Annoncé depuis une bonne dizaine d'années, retardé pour cause de divergences artistiques entre les producteurs et le groupe "Queen" lui-même, le fameux biopic sur Freddie Mercury, leader et chanteur mythique du fameux quatuor anglais, voit enfin le jour après une bonne grosse série de galère en tous genres : remplacement de Bryan Singer à la réalisation par Dexter Fletcher pour cause de désinvolture et de mésentente avec l'acteur principal, désistement de Sacha Baron Cohen (au départ fortement pressenti pour jouer Mercury) au profil du plus jeune Rami Malek (découvert dans la série "Mr Robot"), retards de tournage, et on en passe et des meilleurs.


Bref, venons-en maintenant au film en lui-même qui, depuis sa sortie, n'en finit pas de diviser avec, d'une part, une critique presse assez rude et, d'autre part, un assez bon accueil public.
De manière générale, il y a à la fois à boire et à manger dans ce biopic (trop) passionné sur Freddie Mercury. Sur ce point-là, à ceux qui n'auraient pas encore vu le film (ce n'est pas un SPOILER, rassurez-vous), "Bohemian Rhapsody" est très clairement un film SUR Mercury et non pas SUR "Queen". Cela se traduit d'ailleurs à l'écran par le fait que les quelques coups de grâce du groupe, telle que la naissance du fameux morceau "Bohemian Rhapsody", soient trop vite expédiés et assez peu développés; le film choisissant de se focaliser quasi exclusivement sur la personnalité complexe et torturé de son chanteur/leader. Sur ce plan-là aussi, à force de jouer la carte de la fascination absolue (nombreux "gros plans" et "plans rapprochés" sur le visage, ou sur le corps entier, de face ou de dos, de Mercury), le film finit par se perdre un peu et à en oublier toute forme d'objectivité. Alors oui, c'était un génie talentueux, un homme très charismatique qui a réussit s'imposer malgré les obstacles et qui savait se défendre, mais c'était aussi visiblement quelqu'un d'assez ambigu, parfois très condescendant, voir même franchement détestable envers ses proches et collègues et à l'ego fortement dominant. Malgré ce qui a été reproché par la critique, le film s'attarde (de façon minime mais visible quand même) sur ces quelques soucis, y compris sur ses problèmes de drogue et de boisson.
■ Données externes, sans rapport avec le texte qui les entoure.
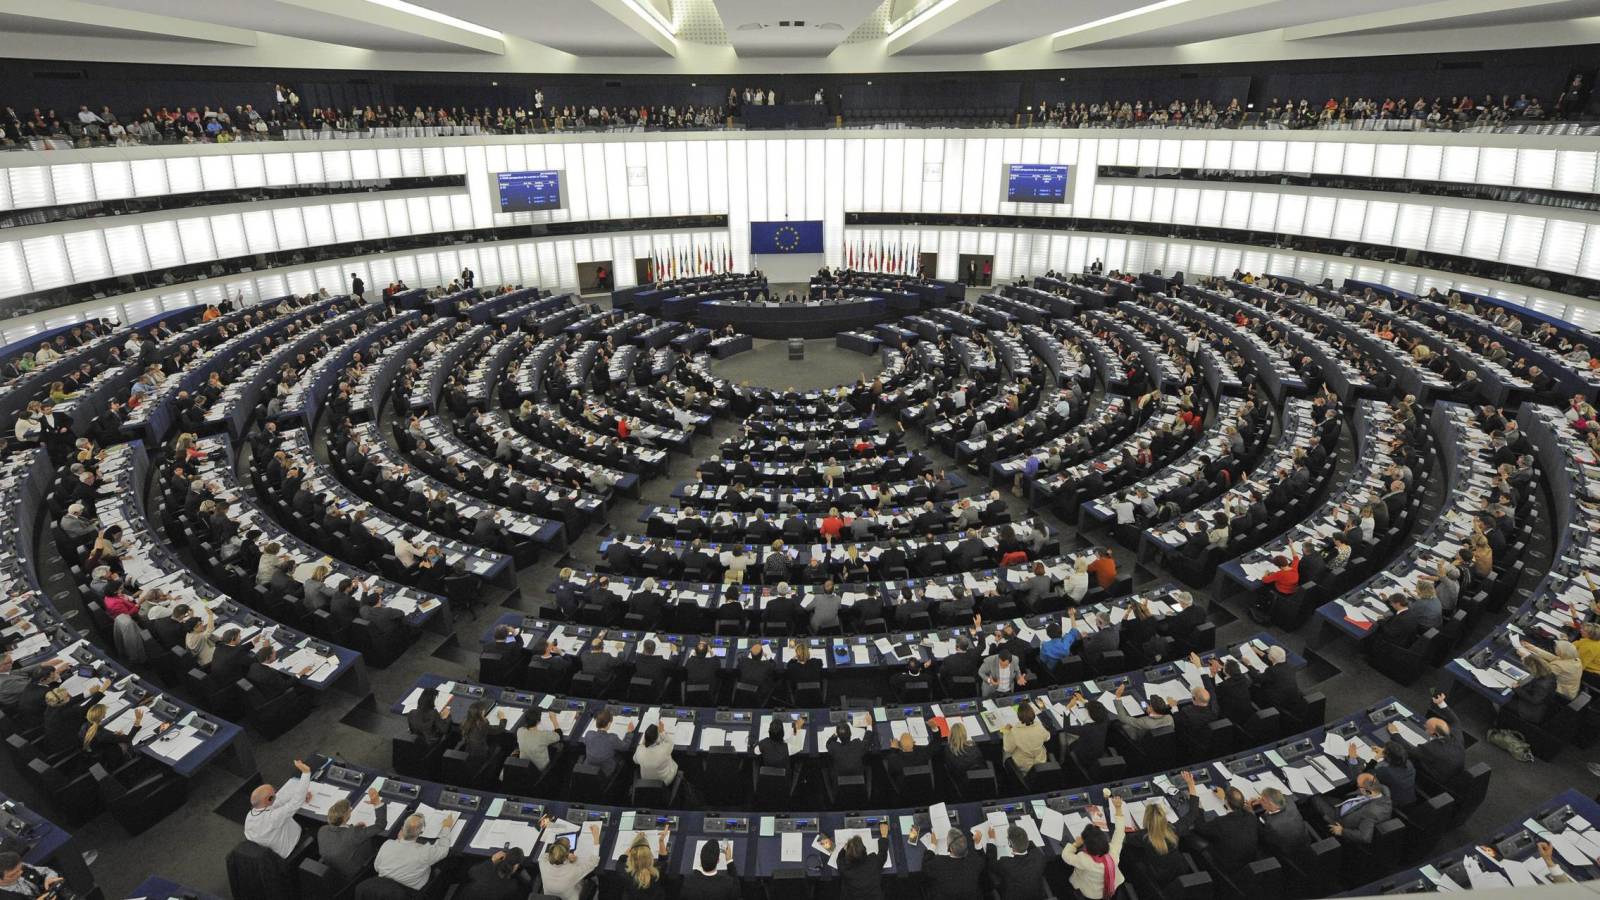 Las pymes son una de las prioridades del Parlamento Europeo de cara a 2019

D'un autre côté, le fait que ce biopic se focalise essentiellement sur le talent et le génie de son héros n'est pas non plus un mal en soi dans la mesure où, il faut bien le dire, les quelques grands moments de sa vie qui nous sont donnés à voir à l'écran sont fascinants. A commencer, évidemment, par le fameux concert "Live Aid" organisé en 1985 pour venir en aide financièrement à l'Ethiopie (événement auquel ont participé de nombreux artistes mythiques tels que David Bowie, Elton John, Madonna, Mick Jagger, Paul McCartney et, évidemment, "Queen"), très grand moment de cinéma s'il en est. Etalé sur 20 minutes, clôturant le film en beauté, le "Live Aid" nous donne à voir toute l'énergie retrouvée d'un Freddie Mercury plus apaisé, sortit de ses démons. Optant pour de longs et beaux "pano-travellings" ayant pour but de bien symboliser le profond attachement entre le chanteur et son public, des "plans serrés" sur Mercury occupé à donner le meilleur de lui -même (chanter, danser sur scène) ou encore des "plans larges" dévoilant la foule en délire, la mise en scène du "Live Aid" est un pur moment de magie. On pourrait même dire que c'est à partir de là que le film trouve vraiment son envol.
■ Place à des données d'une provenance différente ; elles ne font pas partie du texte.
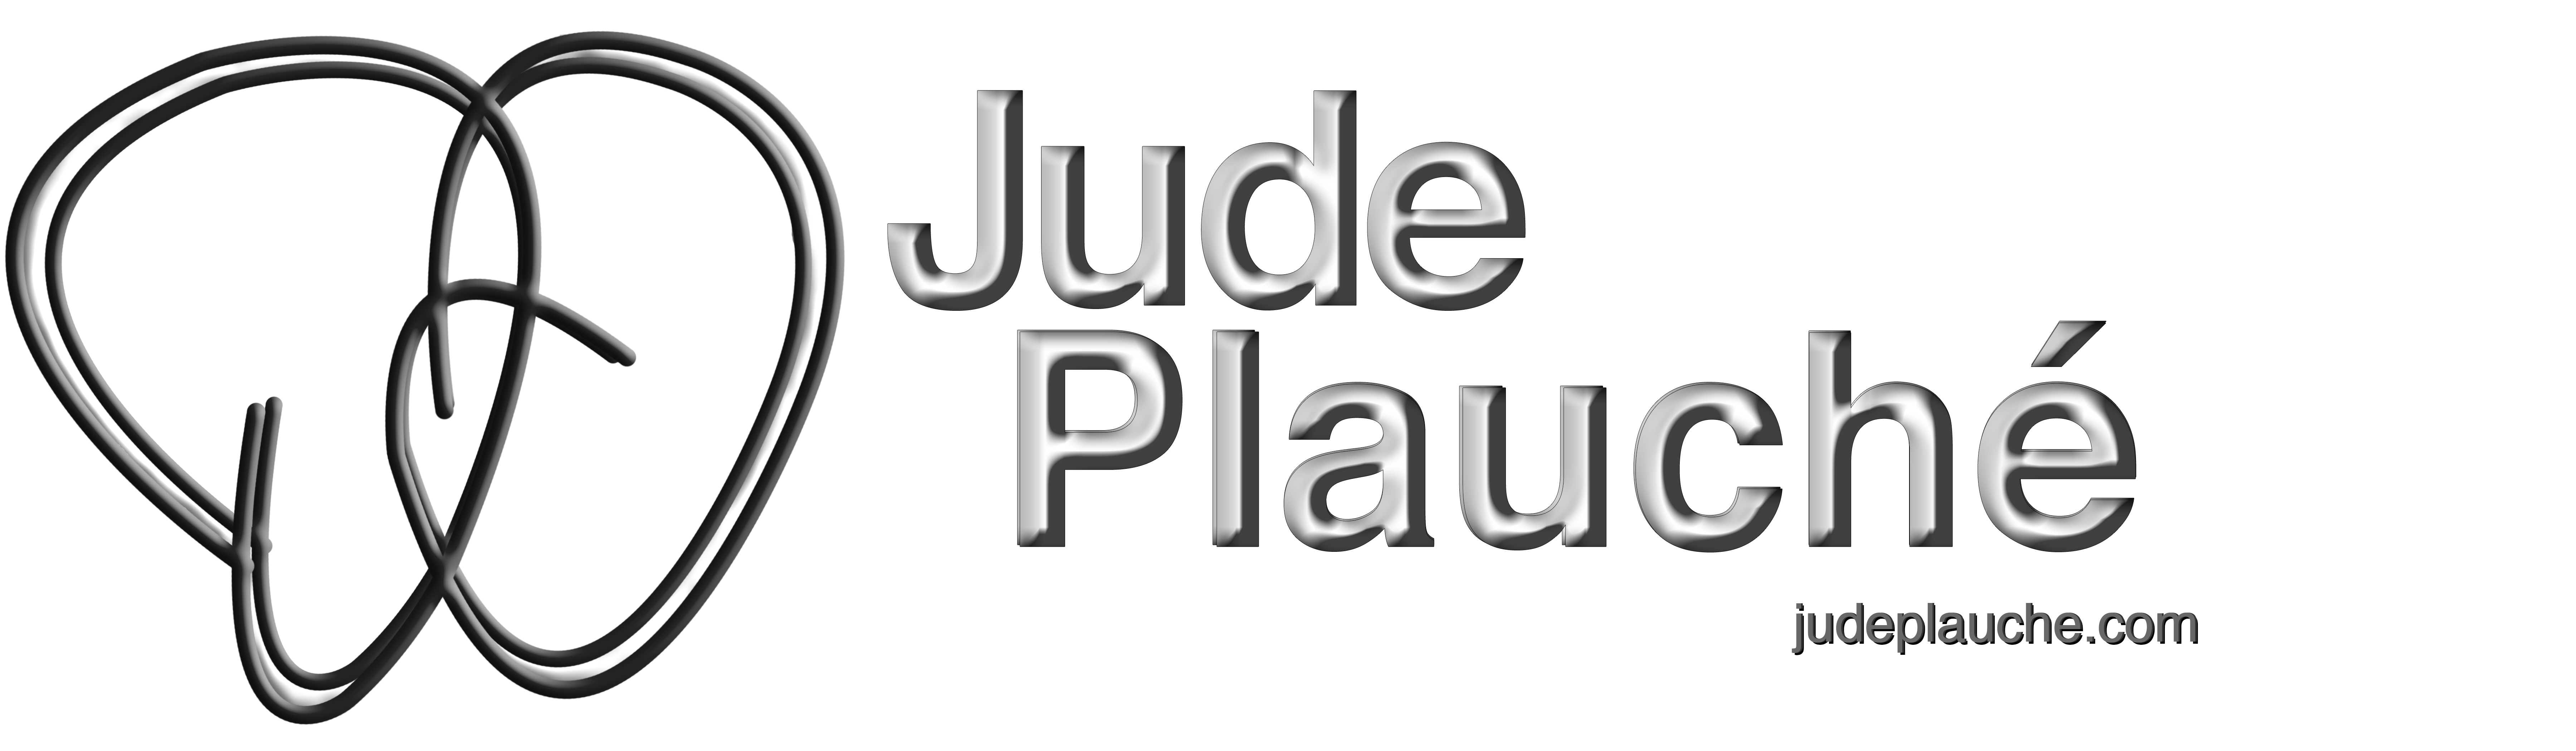 Jude Plauche My Portfolio

A mentionner également, la très belle interprétation de Rami Malek, dans le rôle-phare de Freddie Mercury. Littéralement habité par son personnage, capable de passer de l'énergie la plus folle à la déprime la plus noire, le comédien retranscrit de manière très juste, en étant sobre et naturelle, tous les états d'âme de chanteur, le rendant tour à tour fascinant et infecte. Quant à savoir si cette prestation le mènera tout droit aux prochains Oscar, ça, c'est une autre histoire.
Outre Rami Malek, on peut aussi citer le revenant Mike Myers, dont les quelques brèves apparition dans la peau du producteur Ray Foster, viennent nous rappeler le goût et le talent de l'acteur à jouer des personnages exubérants.


Au final, si "Bohemian Rhapsody" s'avère être un film plutôt inégal (étapes de la vie du chanteur un peu trop survolées, trop forte tendance à le magnifier), il n'en reste pas moins intéressant de par son transcendant et magnifique final de 20 minutes, la fabuleuse interprétation de Rami Malek et par le plaisir communicatif que l'on prend à réécouter les quelques grands classiques de ce groupe mythique qu'était "Queen".